第330話 強襲真下姉妹

 弐式が我がサークルへと加入し、総勢11人体制で行われる同人ゲーム開発。

 多分、小さなソフトハウスより人がいる我がアパート。

 そんな大所帯アパートの地下防音室で、俺は遅延しているサウンドの制作を真下姉妹と共に行っていた。


「できましたわ」


 弐式がマックブックから、完成したBGM『日常』を再生する。

 俺と一式は、ゴクリと唾を飲み込みながら耳に集中する。


『♪~♫~♫~』

「「おぉ……音楽だ」」


 ちゃんとしたBGMになっている。繊細なピアノメロディが、ゲームの雰囲気とマッチしていると思う。

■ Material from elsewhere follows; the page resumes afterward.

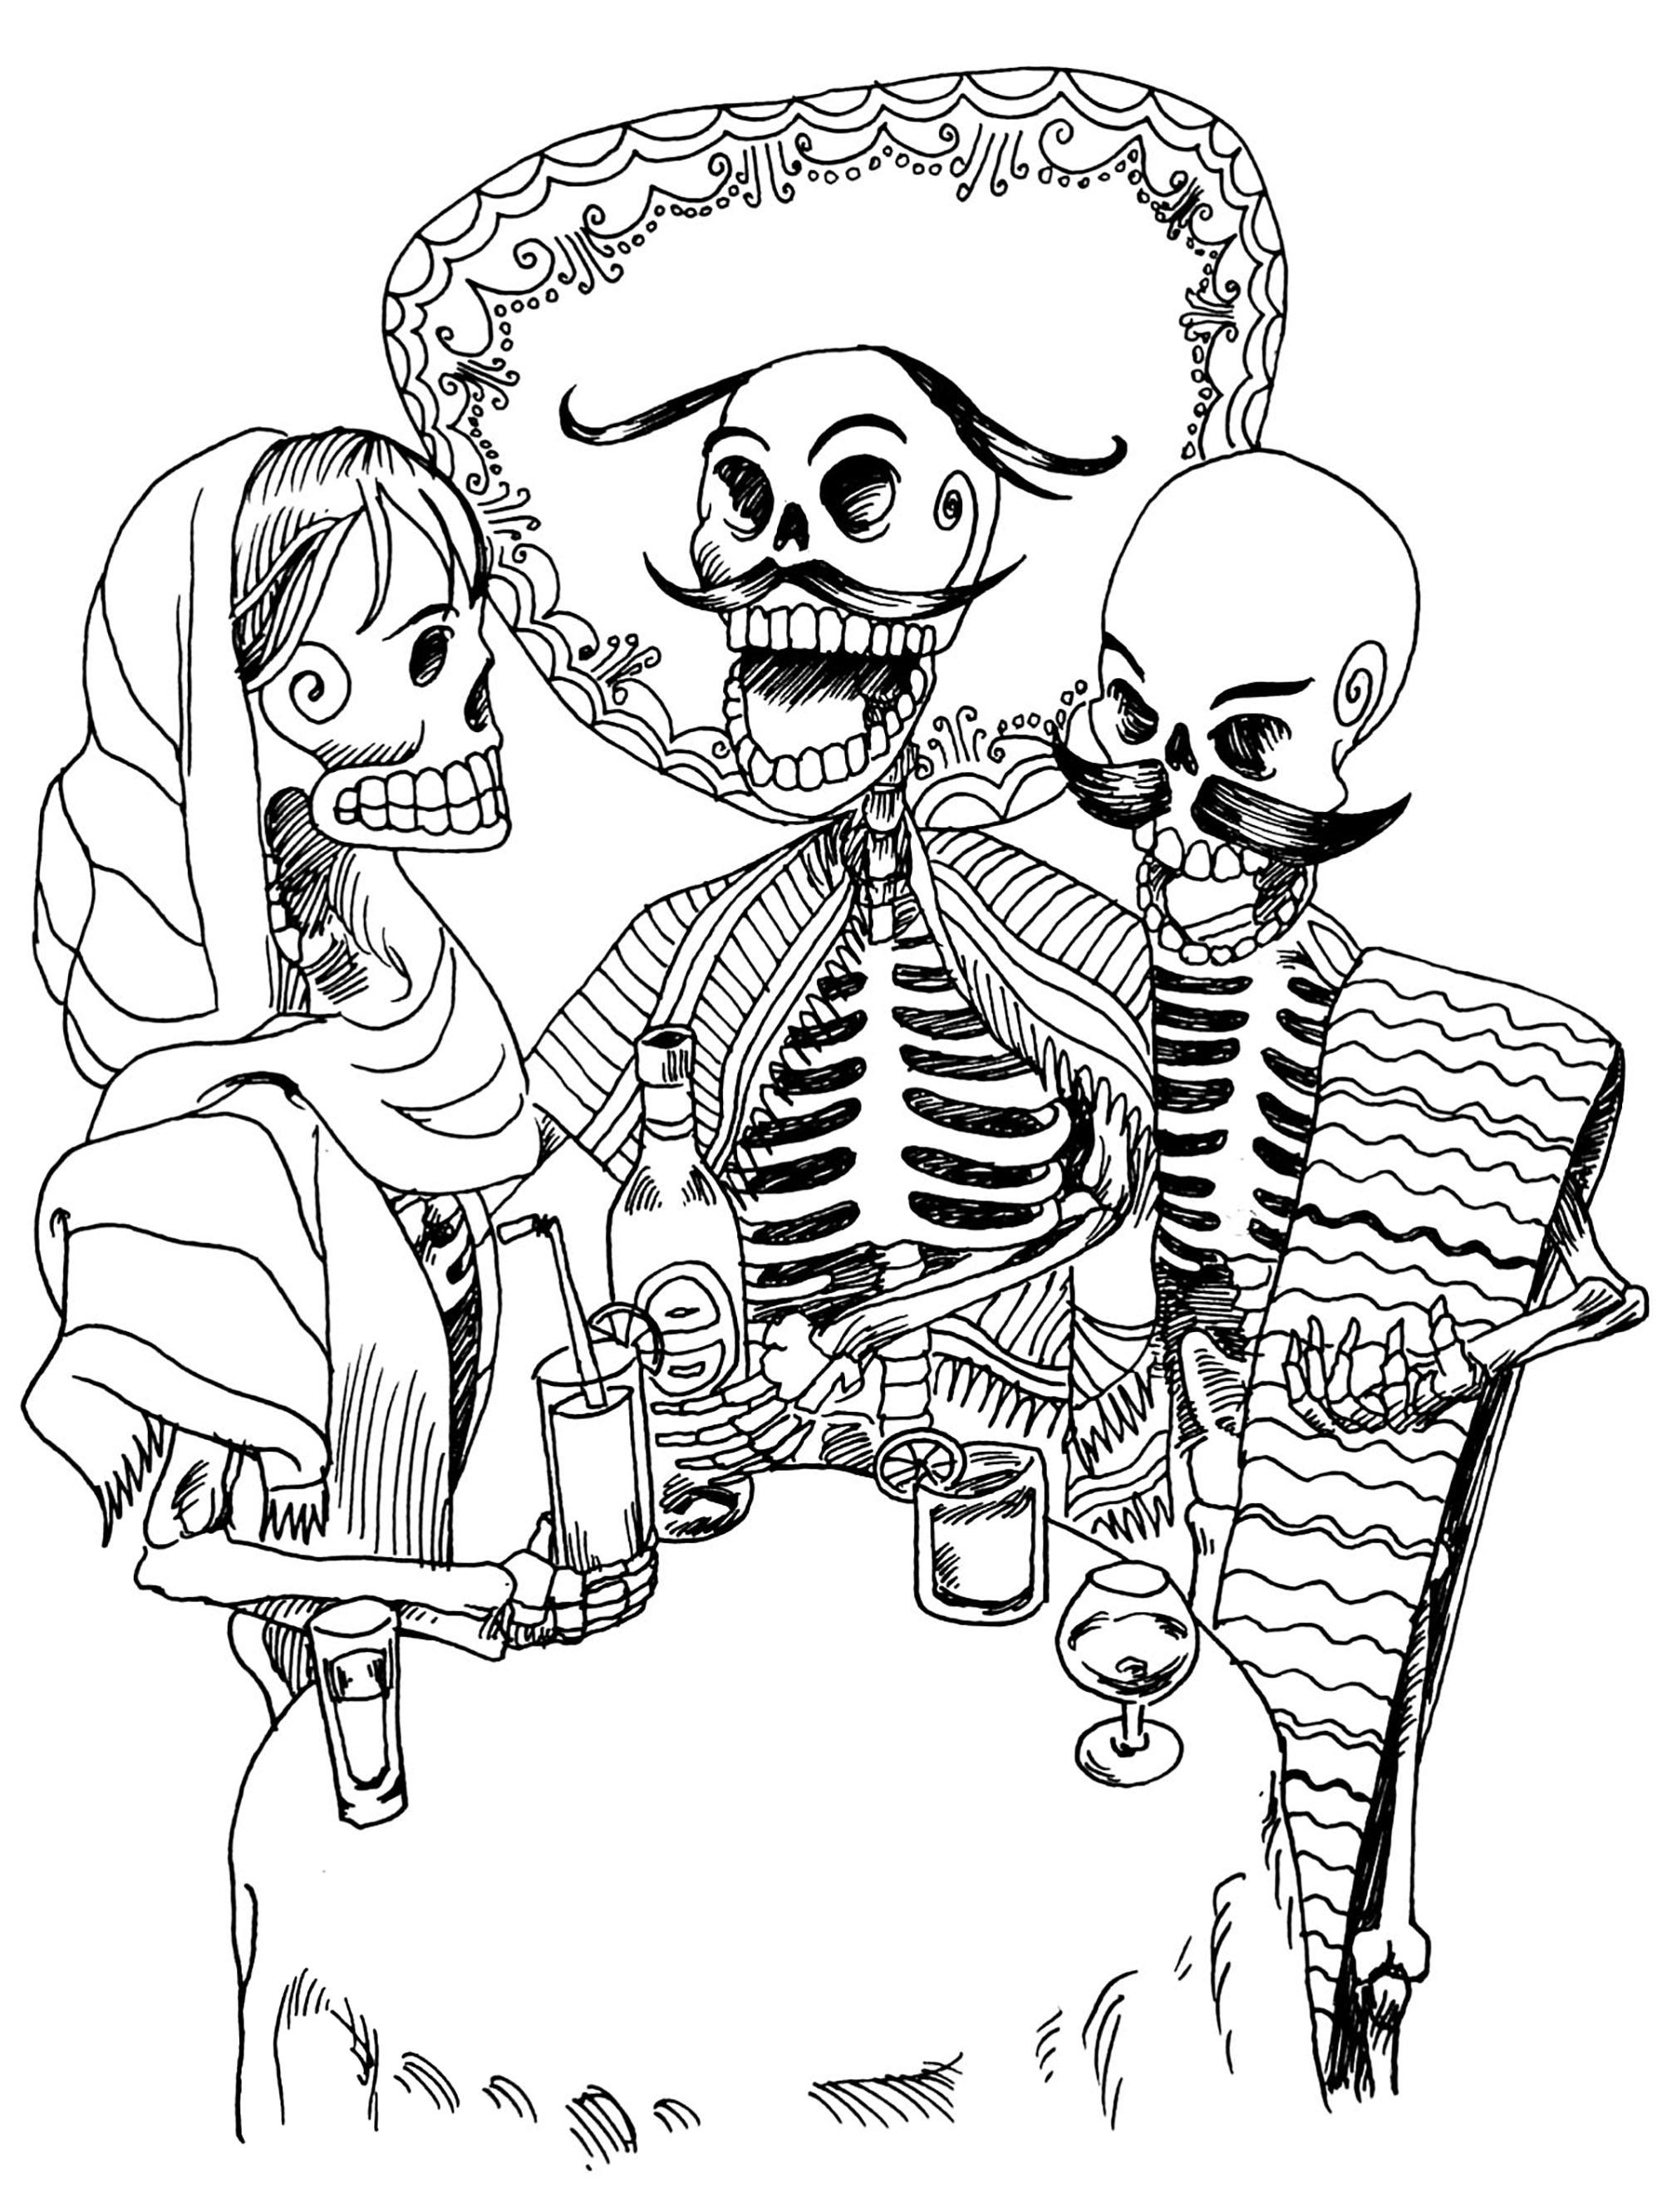 Disegni da colorare per adulti : El Dia De Los Muertos - 13

 俺と一式が製作した時みたいに、急にピッチが上がったり音外れてたりと不安になるようなものじゃない。


「凄いな。俺たちが何日もかけてやったことをたった一日で」

「この程度、大したことないと言いたいところですが、ファーストの作った音楽ファイルがありましたから」

「えっ、あのこき下ろされたやつ?」

「ええ、あれでどんなものを作りたいか、大体把握しましたから」


 あぁ、やっぱ阿吽の呼吸というか、姉妹間で何をしたいかすぐに理解できるんだな。

 一式はダイヤの原石で、弐式はそれを美しくカットする職人と言ったところだろうか。

 どちらにも価値はあるが、2つ合わさることで120%の力を発揮する。それが真下姉妹。


「まだOKが出てませんが、監督はこれでいいわけですの?」

「あぁ、文句のつけようもない。本当に才能の塊なんだなって確信した」

「そうでしょうそうでしょう、ようやくお気づきになりました?」

「やっぱり俺が凡夫で、少しDTMデスクトップミュージック、に触ったからわかる。やっぱ君らは天才だと思う」

「…………」

「美人で音楽センスがあって、それで声優とかもうほぼ地球圏最強の生物。弐号機可愛い!」

「もうやめて!」


 耳まで赤くした弐式が怒鳴る。どうやら褒められすぎて、羞恥心に耐えられなくなったらしい。

 最初ドヤ顔してるのが、段々羞恥で小さくなっていくのが面白いので、これからも弐式を褒めちぎっていこう。


 それから俺たちは、BGMを作成するとき、まず俺がこんな感じでと大体のイメージを伝え、それを一式が楽器で演奏し、弐式が音楽ファイルにおこすという連携作業を行った。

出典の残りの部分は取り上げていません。